Your answer must be an exact copy of the listing that follows, with all pictures omitted.

GIVEN MATERIAL =
● ● ●
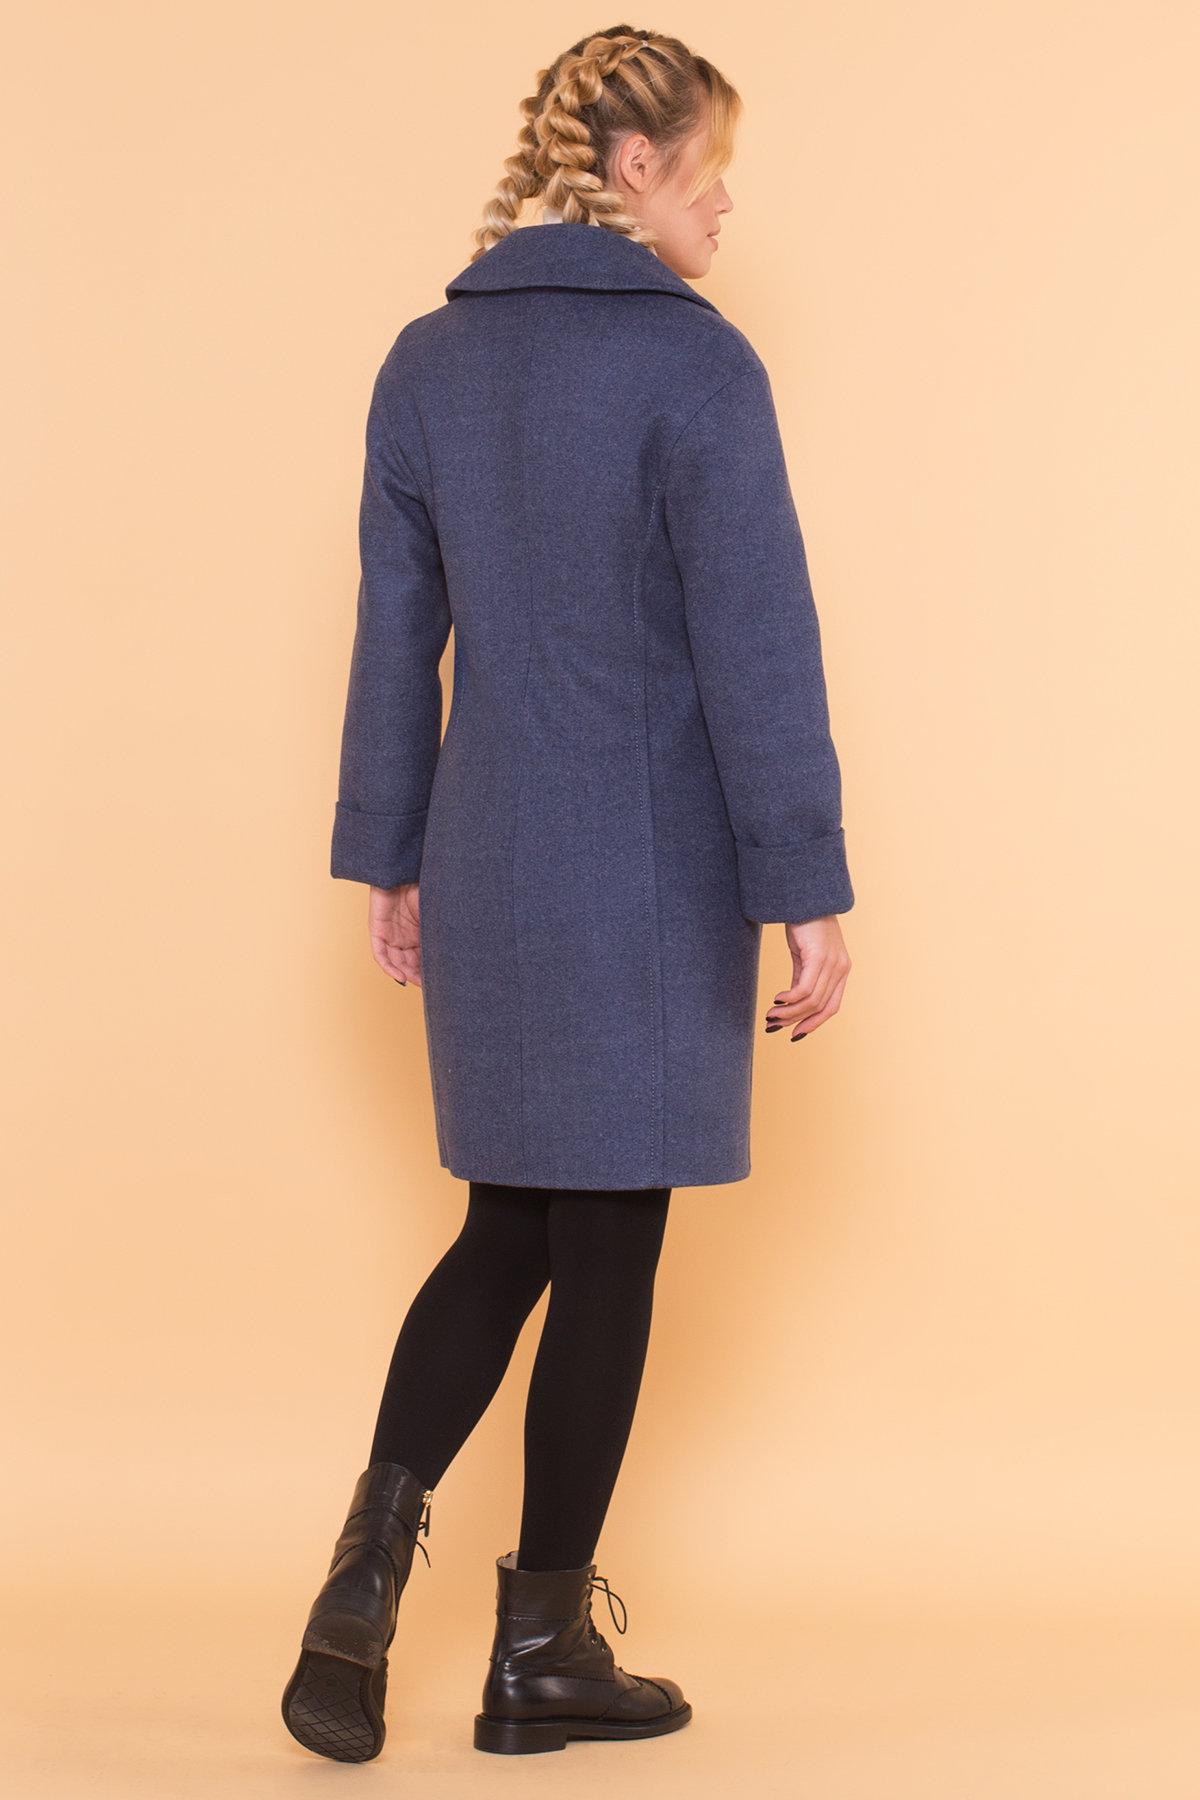 Классическое однобортное пальто зима с отложным воротником Приора 5835 АРТ. 39410 Цвет: Джинс - фото 2, интернет магазин tm-modus.ru
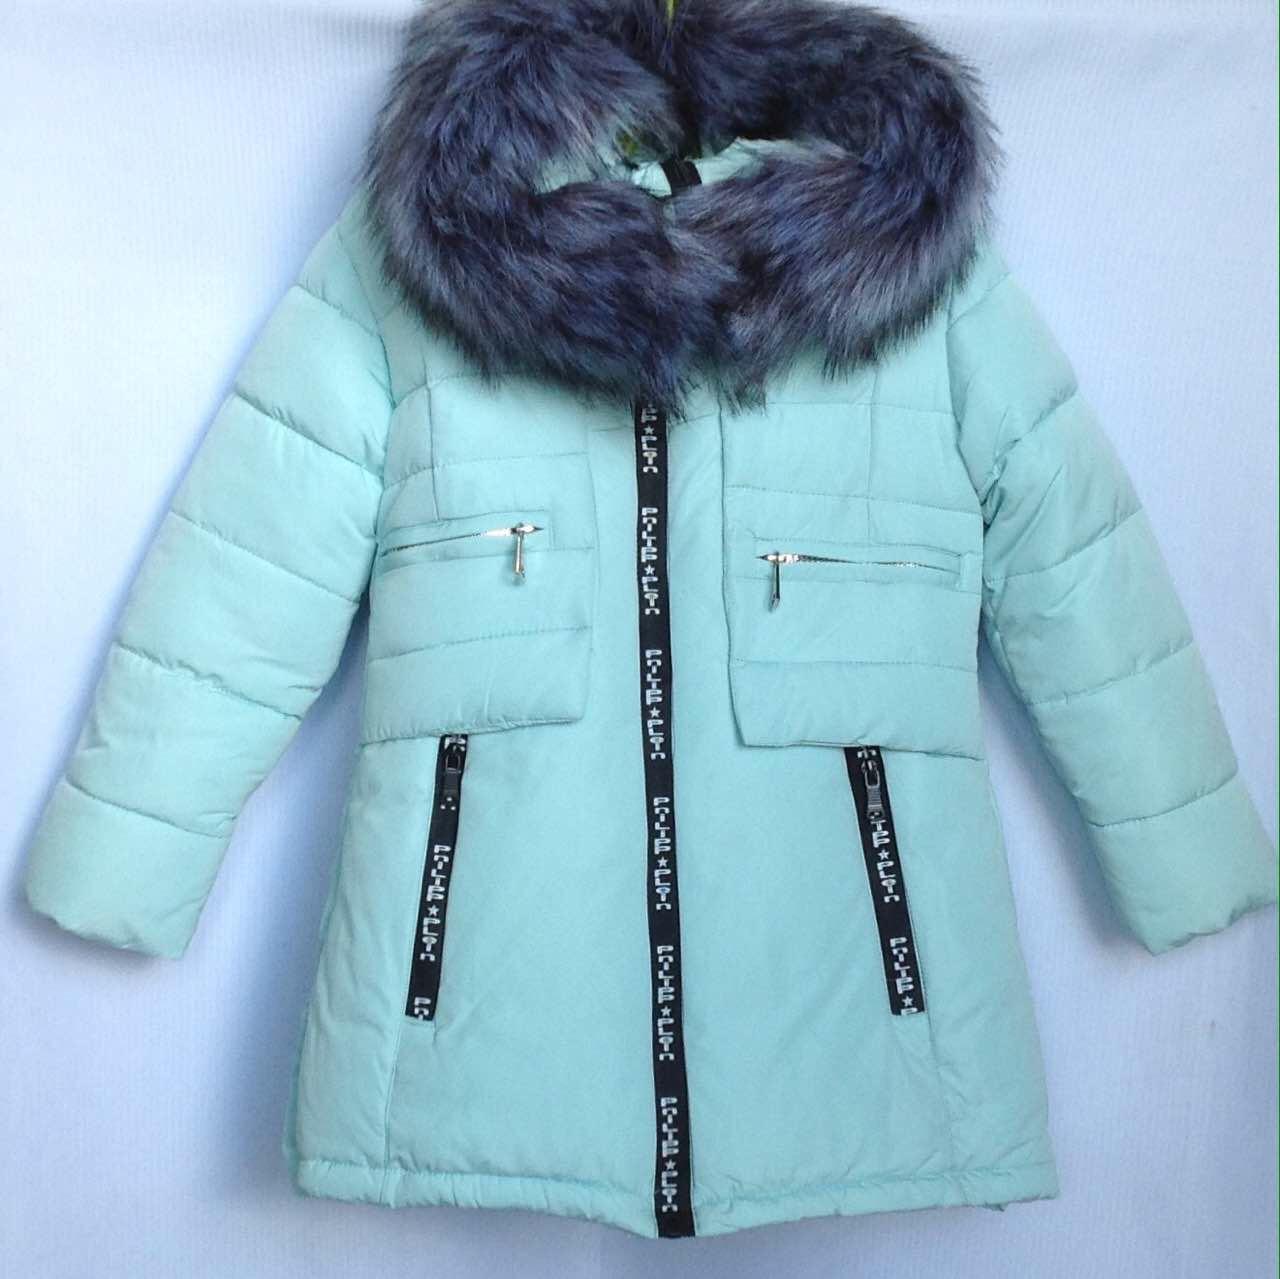 Дитяча зимова куртка для дівчинки оптом 116-140 - Товари - Дитячий ... 1275e667203e0
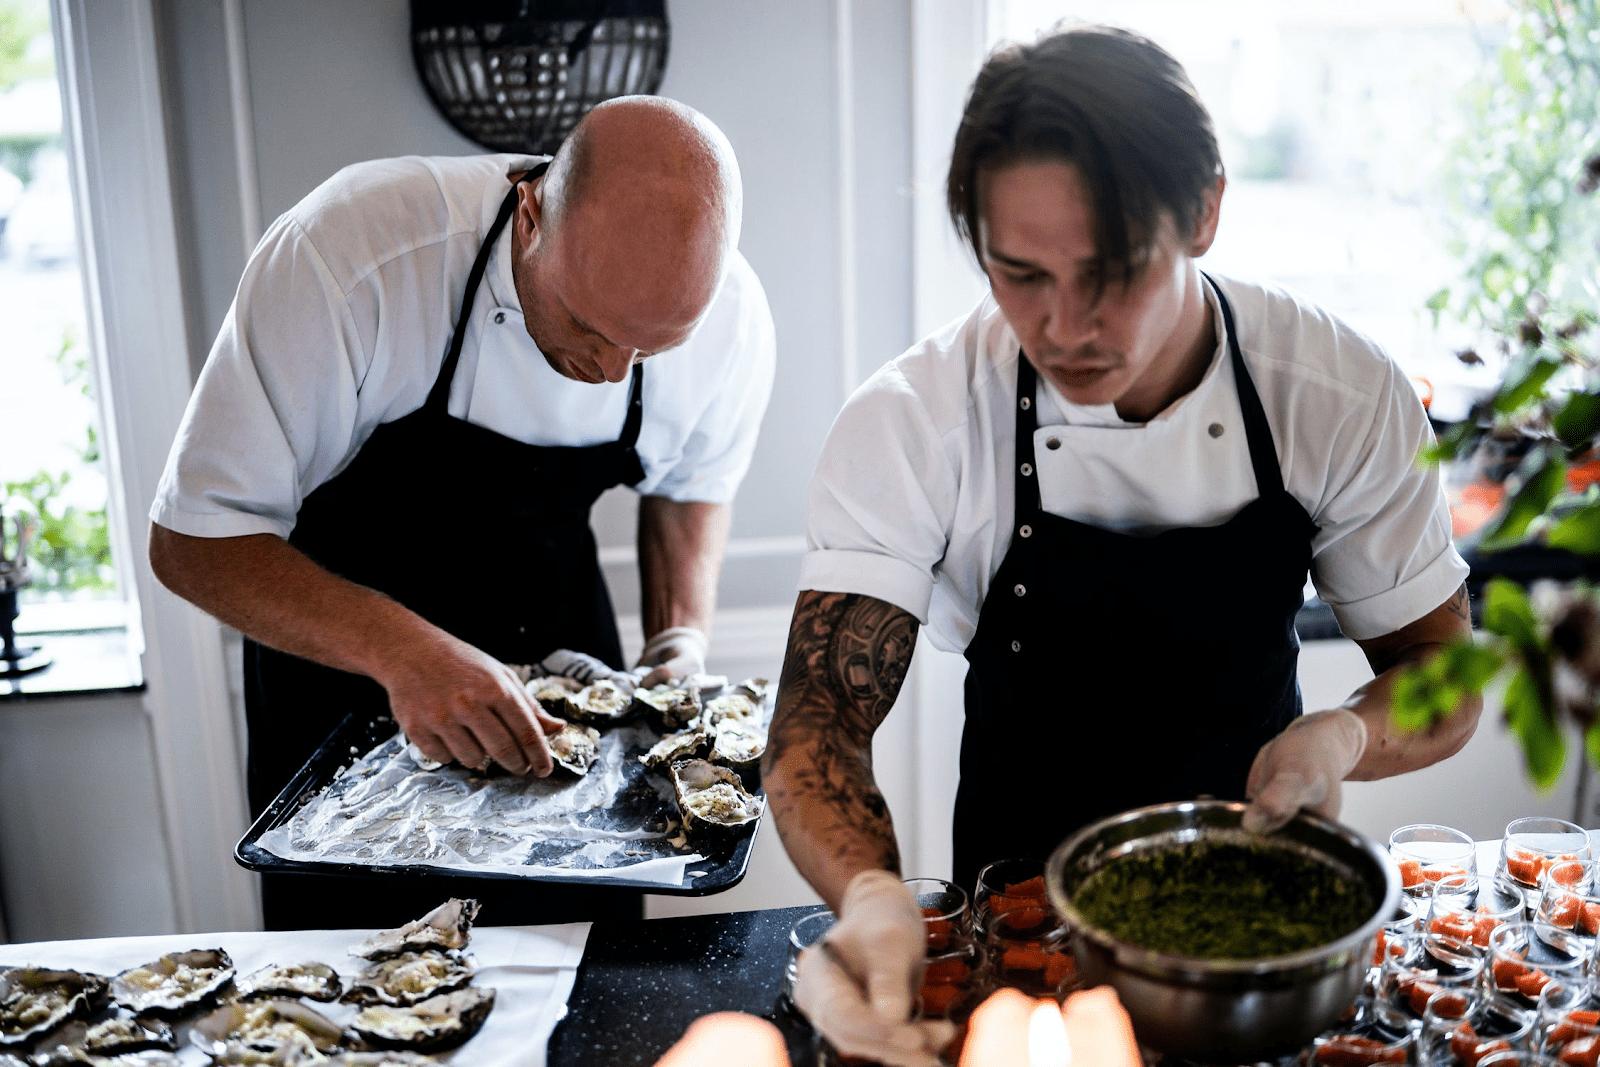 coworkers preparing food in a restaurant
● ● ●
WRITTEN RESPONSE =
 Классическое однобортное пальто зима с отложным воротником Приора 5835 АРТ. 39410 Цвет: Джинс - фото 2, интернет магазин tm-modus.ru
 Дитяча зимова куртка для дівчинки оптом 116-140 - Товари - Дитячий ... 1275e667203e0
 coworkers preparing food in a restaurant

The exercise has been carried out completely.